President Donald Trump and Iranian President Masoud Pezeshkian have digitally signed a memorandum of understanding in an effort to establish a permanent peace deal between the two nations.

The text calls for the immediate end to military actions by Israel in Lebanon and the full reopening of the Strait of Hormuz without tolls by Iran for at least 60 days.

The MOU, which includes 14 separate points, includes an agreement for the U.S. and Iran to resolve the question of how to dispose of the Islamic Republic’s stockpile of highly-enriched uranium.
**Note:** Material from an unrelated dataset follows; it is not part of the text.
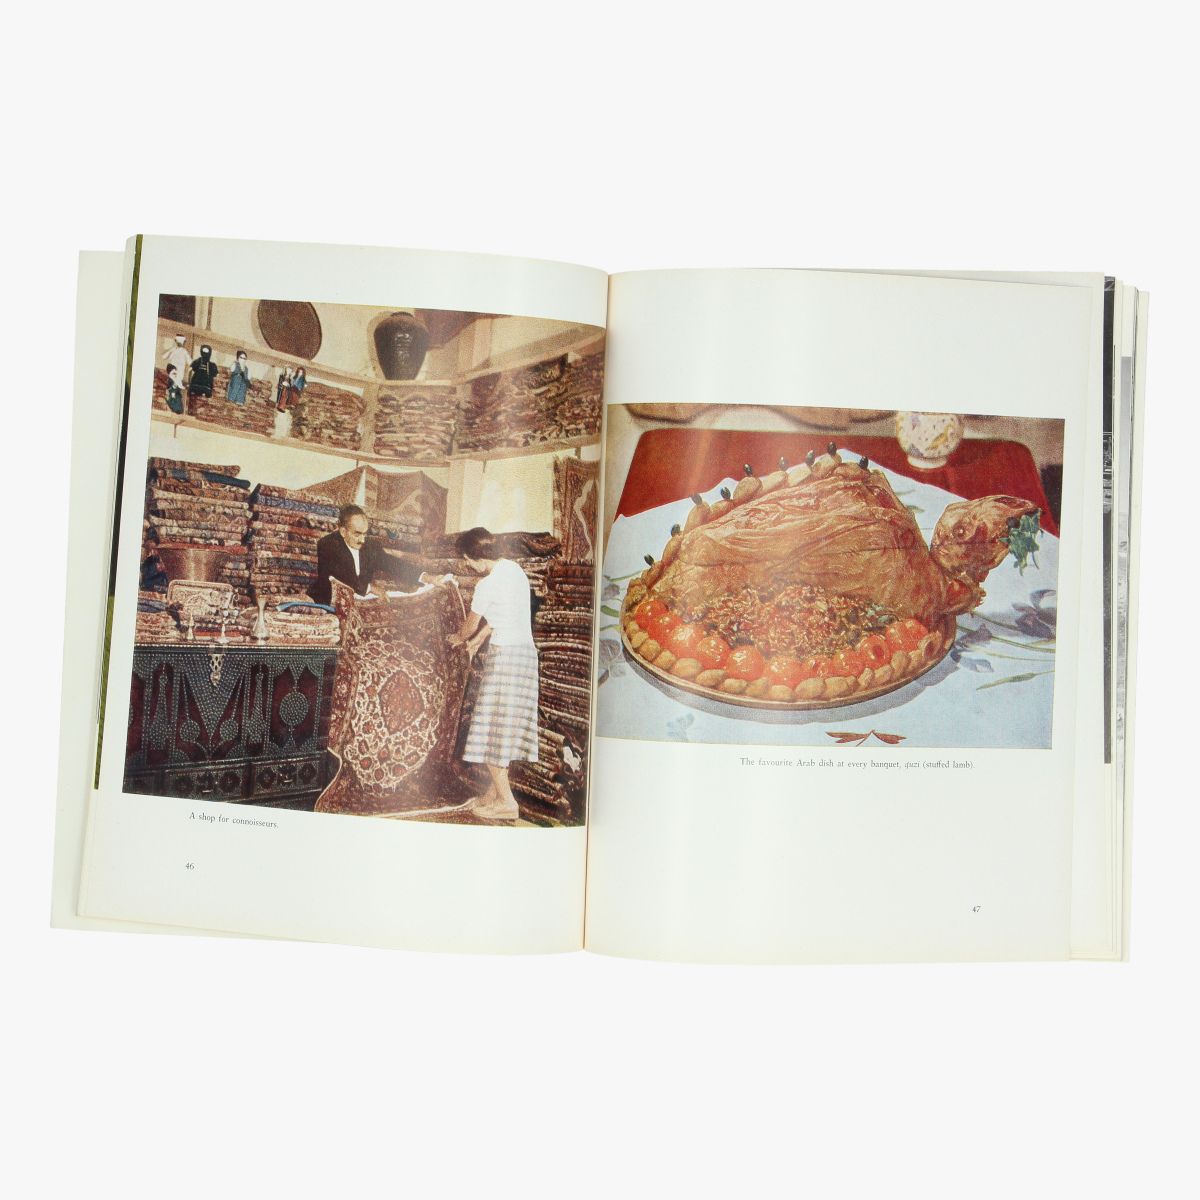 Afbeeldingen van expo 58 boek  iraq in pictures

Oil prices fell following these developments, while the International Energy Agency claimed a lasting resolution to the conflict will result in significantly higher supply volumes and could spark a major oil overhang next year.

Meanwhile, the G7 leaders meeting in Evian-les-Bains, France, has wrapped up after a day of debating developed economies’ approach to AI sovereignty. The CEOs of Anthropic and Google DeepMind called for the creation of an “AI coalition,” while French President Emmanuel Macron warned against nationalist AI policies.

The European Commission’s Digital Sovereignty chief and Germany’s digital minister told CNBC at VivaTech that Europe and the U.S. share the same concerns around AI and cybersecurity.

— Leonie Kidd

And finally…

Allbirds continues AI pivot with name change and CEO hire, sending stock soaring

Two months after its unexpected artificial intelligence rebrand, Allbirds is changing its name to Smartbird and appointing a new chief executive.

The shoemaker-turned-AI infrastructure firm on Wednesday named Nadia Carlsten as CEO and board member, replacing current CEO Joe Vernachio.

Carlsten previously led Amazon Web Services’ quantum computing center and worked at the U.S. Department of Homeland Security. Most recently, she was CEO at DCAI, an AI infrastructure company that recently partnered with Nvidia and is home to a supercomputer known as Gefion.

Shares of BIRD soared 39% on Wednesday.